In Los Angeles, 100 police in riot gear converged on a group of four non-violent protesters who had locked themselves to the doors of a JP Morgan Chase bank. Among them was Dr. Peter Kalmus, a NASA climate scientist with the Jet Propulsion Laboratory. Kalmus had tears in his eyes as he pleaded for justice for his children and the children of the world who will inherit this climate disaster. "We're not joking, we're not lying, we're not exaggerating," Kalmus said. "This is so bad that we're willing to take this risk and more and more scientists and more and more people are gonna start joining us." He and three other scientists were thereupon arrested.
If this represents a global nonviolent climate insurgency, it is only at its beginning. Kalmus says, "We need a billion climate activists. I encourage everyone to consider where we're heading as a species, and to engage in civil disobedience and other actions. The time is now. We've waited far too long. Mobilize, mobilize, and mobilize. Mobilize before we lose everything."
Is the Supreme Court in a "state of war" with the people?
In the long struggle ahead, individuals and governments should never accept the legitimacy of court rulings that authorize the destruction of the earth's climate. We should maintain that West Virginia v. EPA is itself unconstitutional and corrupt. Unconstitutional because it denies the right of the people and the obligation of the government to climate protection. Corrupt because it is made by judges who have been nominated and confirmed by politicians who are directly in the pay of the fossil fuel corporations and represent a political system dominated by the fossil fuel industry.
Protecting the right of all people to a stable climate and enforcing the obligation of governments to protect the climate as a public trust is a duty we all owe ourselves, each other, and future generations.

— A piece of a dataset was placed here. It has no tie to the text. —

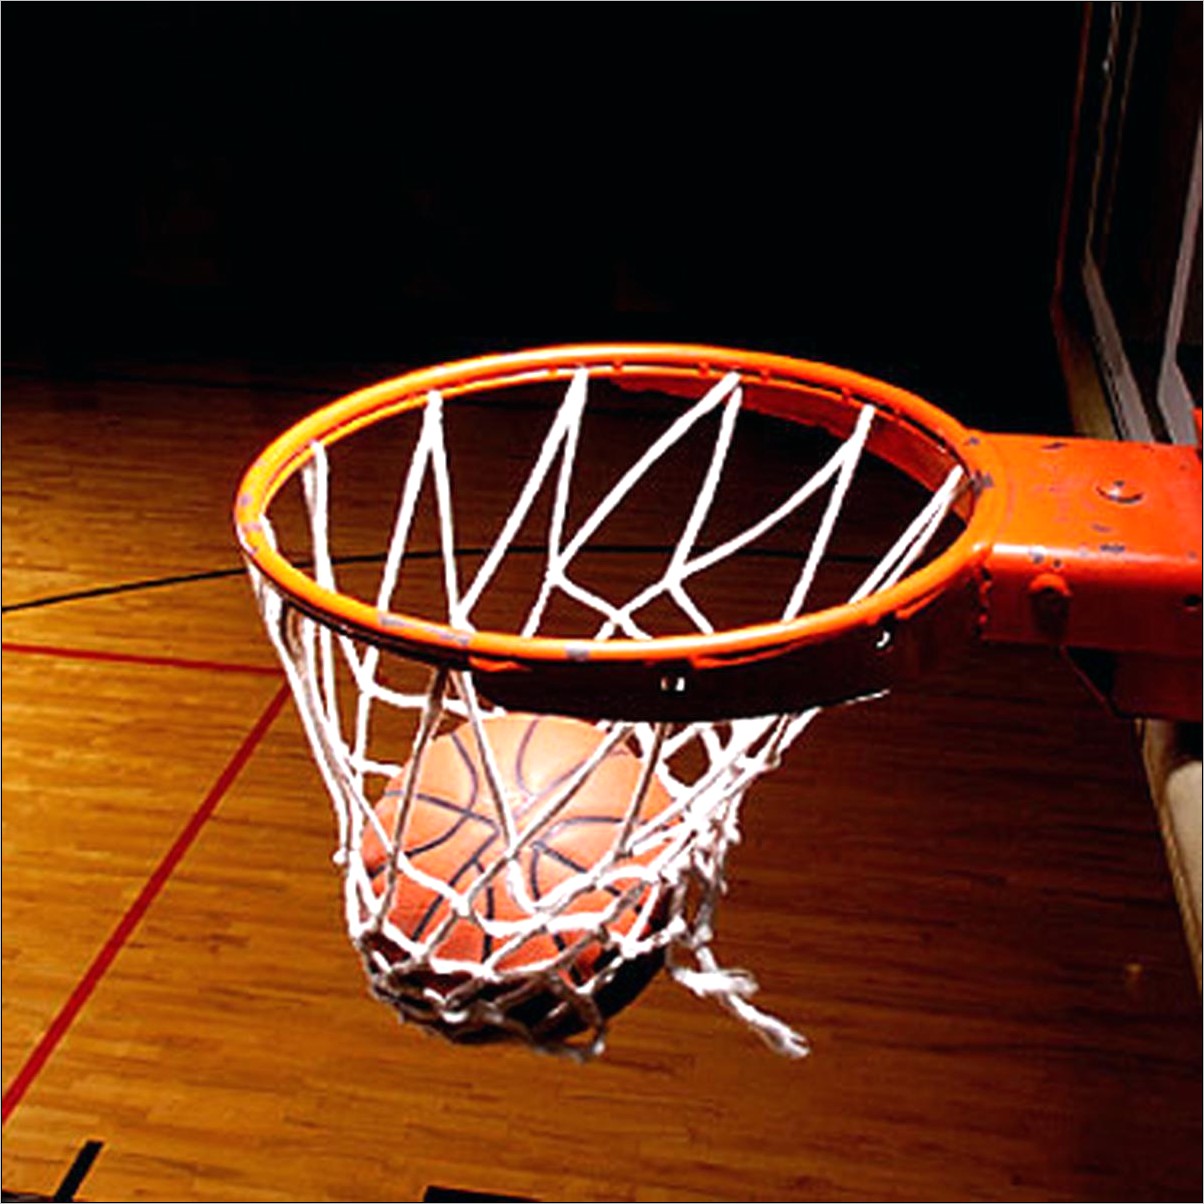 Contoh Surat Permohonan Aktif Kembali Kegiatan Basket

If the courts fail to provide such protection, the people have a right and a duty to enforce that obligation by their own action.
In his Second Treatise of Civil Government, perhaps the single greatest influence on the shaping of American government, John Locke wrote that "whenever the legislators endeavor to take away, and destroy the property of the people" they "put themselves into a state of war with the people," who are thereupon "absolved from any farther obedience" and are "left to the common refuge, which God hath provided for all men, against force and violence." When legislators "either by ambition, fear, folly or corruption, endeavor to grasp themselves, or put into the hands of any other, an absolute power over the lives, liberties, and estates of the people," by their "breach of trust" they "forfeit the power the people had put into their hands for quite contrary ends." Then that power "devolves to the people," who have a right to "provide for their own safety and security."
If this be true for legislatures, how much truer is it for unelected, fossil-fuel-corrupted courts?